Updated

Every couple of years, unannounced visits by inspectors from the Joint Commission trigger a frenzied response in hospitals, in which clinicians are instructed to do everything by the book to avoid potentially embarrassing violations.

On Monday, a new study revealed the impact of that all-hands-on-deck response when the accreditors are in town: significantly fewer patient deaths during inspection week than the weeks before and after the inspectors’ visit. Researchers at Harvard University found the disparity was particularly pronounced at major teaching hospitals, where the heightened response, if applied for an entire year, would translate to 3,600 fewer deaths.

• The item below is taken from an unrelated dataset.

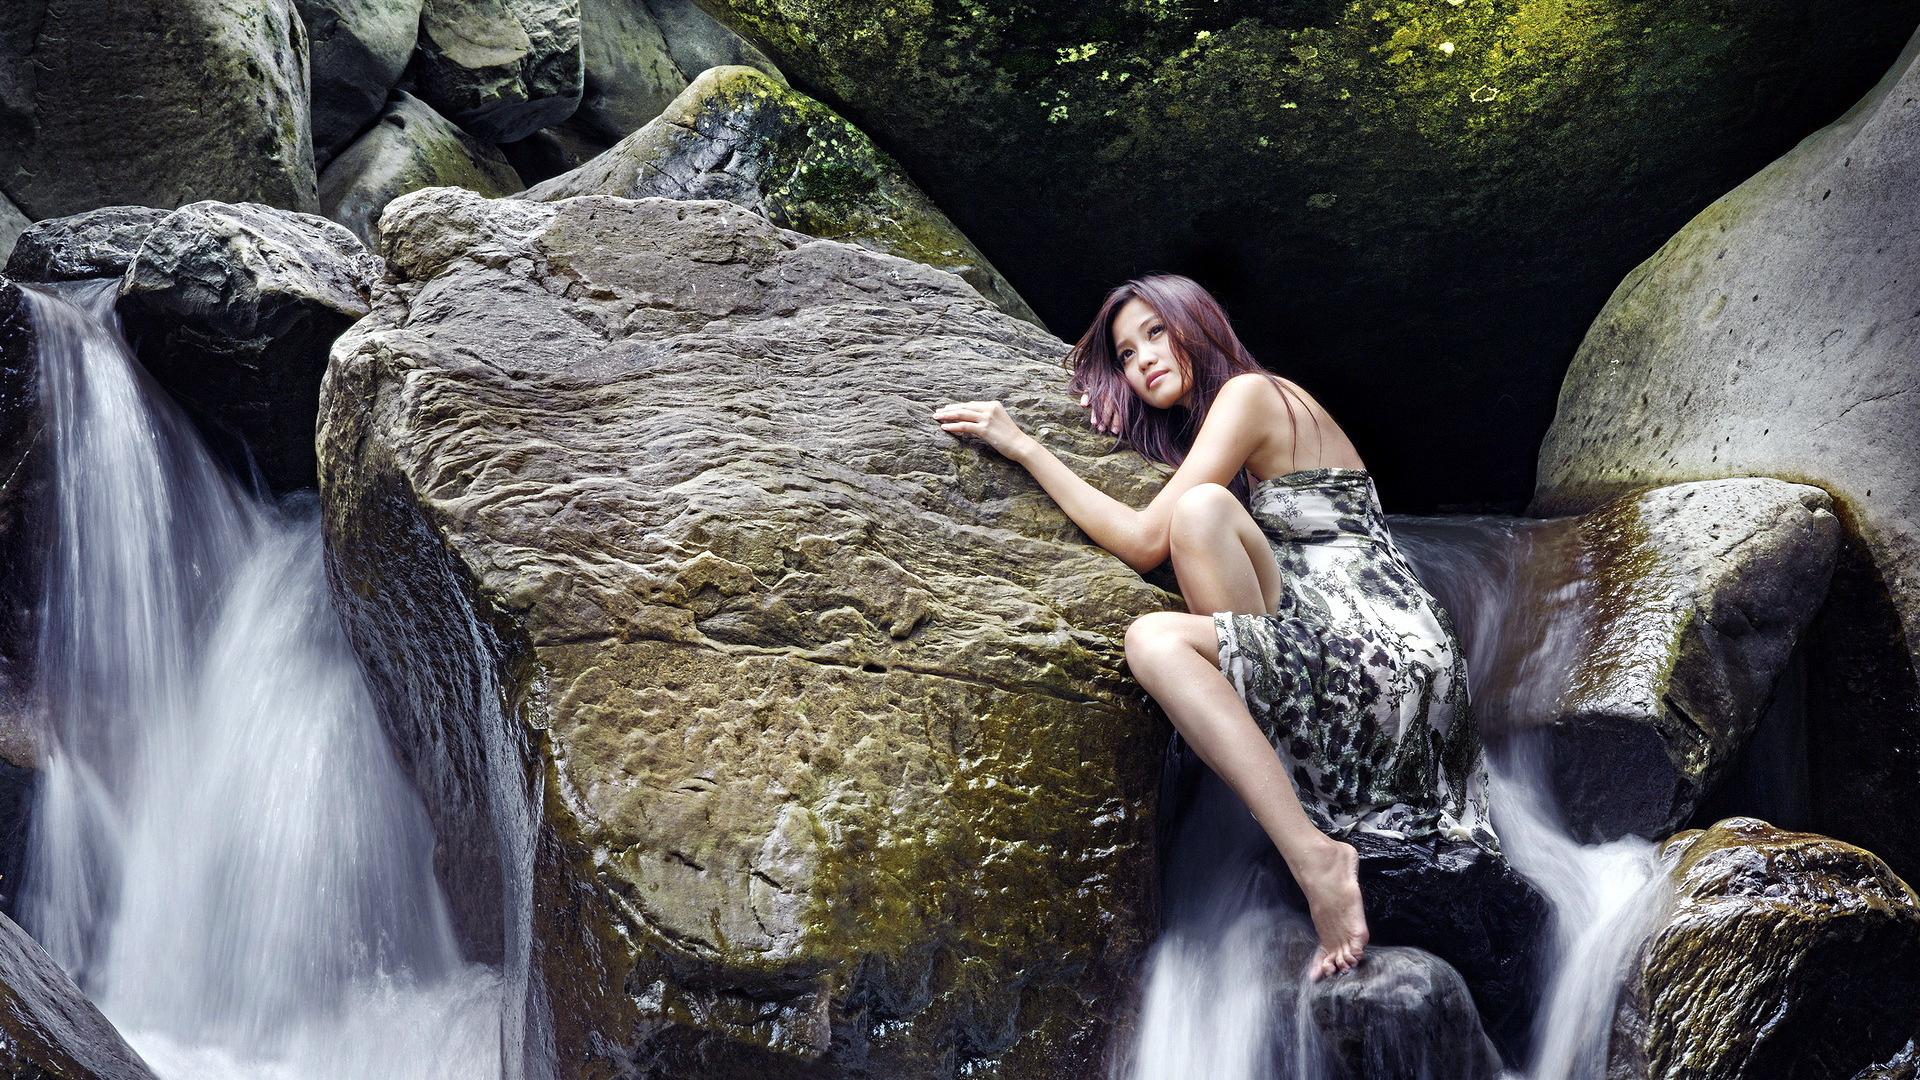 опять переживал, девушки пляшут на водопаде возрасте ценят любят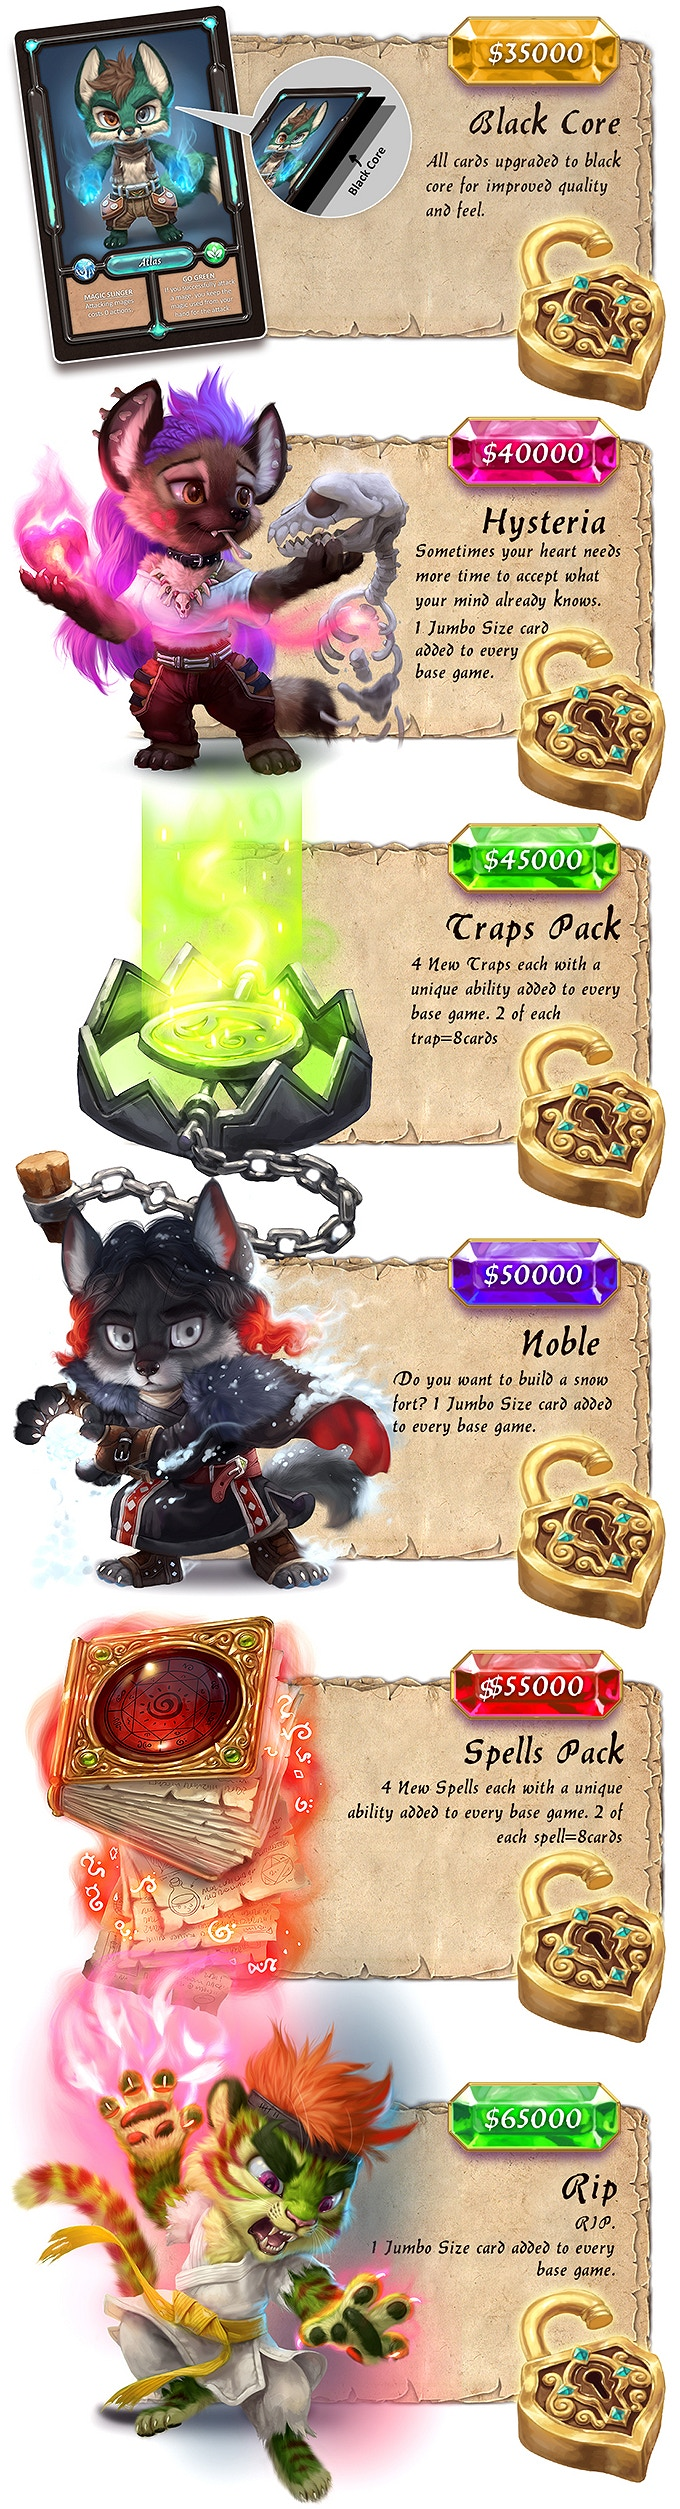 Fuzzy Mage Fight by Shadow Squirrel Games — Kickstarter

The findings, published in JAMA Internal Medicine, did not link the lower death rate to adherence to specific best practices or standards. Rather, the researchers said, the improved performance appeared to a result from a more generalized vigilance caused by the arrival of the inspectors.

“The results suggest there are opportunities for quality improvement right under our noses that we take for granted,” said the study’s lead author, Dr. Michael L. Barnett, an assistant professor of health care policy management at the Harvard T.H. Chan School of Public Health. “Some creative thinking around how we react to Joint Commission surveys might lead to quality improvement.”

More From Stat News

Barnett, a primary care physician at Brigham & Women’s Hospital, said he was motivated to conduct the study, in part, by what he said was the absurdity of inspection week, when hospitals put on a show for visiting inspectors who aren’t really getting an accurate view of normal operations.

“You’re not really measuring the quality of the hospital,” Barnett said. “You’re measuring the capacity of the hospital to mobilize the troops.”

Read more: Patients treated by foreign-educated doctors are less likely to die, study finds

The Joint Commission performs unannounced inspections of US hospitals every 18 to 36 months to test their adherence to quality and safety practices in a broad range of areas, including infection control, accuracy of documentation, and medication management. The not-for-profit organization accredits 21,000 health care facilities across the country. Failing an inspection could cause a facility to lose its accreditation and to suffer a big hit to its reputation.

Failure is exceedingly rare, but to avoid it, many hospitals quickly notify their staffs of an inspection and hold training sessions to optimize performance. Barnett said more than 98 percent of facilities passed, with only a tiny fraction receiving a citation.

The study, which examined outcomes for 1.7 million Medicare patients, found that patients who happened to receive care during inspection week had a better chance of surviving. Overall, the reduction of 30-day mortality rates across all hospitals was modest — about 1.5 percent.

But the reduction was significantly larger, about 5.9 percent, at major teaching hospitals, which rely the most on maintaining their reputations as prestigious institutions on the vanguard of medicine.

“They have a lot at stake if they don’t get accredited by the Joint Commission, and they also have the resources to mobilize their staff hospital-wide to respond,” said study coauthor, Dr. Anupam Jena, a professor of health policy at Harvard.

While the overall improvement in mortality rates was modest, he said, they can have a significant impact when spread across hundreds of thousands of visits each year from Medicare patients. “If you aggregate over the entire US population of Medicare beneficiaries, it’s a large impact,” he said.

The study examined outcomes in patients admitted from three weeks before the inspection to three weeks after its completion. The researchers adjusted for demographic and clinical differences among the patients included in their examination.

The study also examined infection rates and other quality measures, but did not find a significant difference at the hospitals during inspection week compared to the other periods reviewed.

Jena said that latter finding suggests that the difference in mortality outcomes was not related to any one or two specific practices, but to a more heightened vigilance that occurs during inspection. “When you’re being monitored you behave differently and you do your job differently,” he said, adding that hospitals could adjust their schedules and practices to help harness that increased focus and attention to detail.

“One thing you could do would be to ensure that when key clinical decisions are being made, you have a disruption-free policy, so that doctors and nurses cannot be disrupted unless it’s an emergency,” he said. “Changes in shift work and the amount of hours doctors work, and the staggering of those hours, could also have an impact.”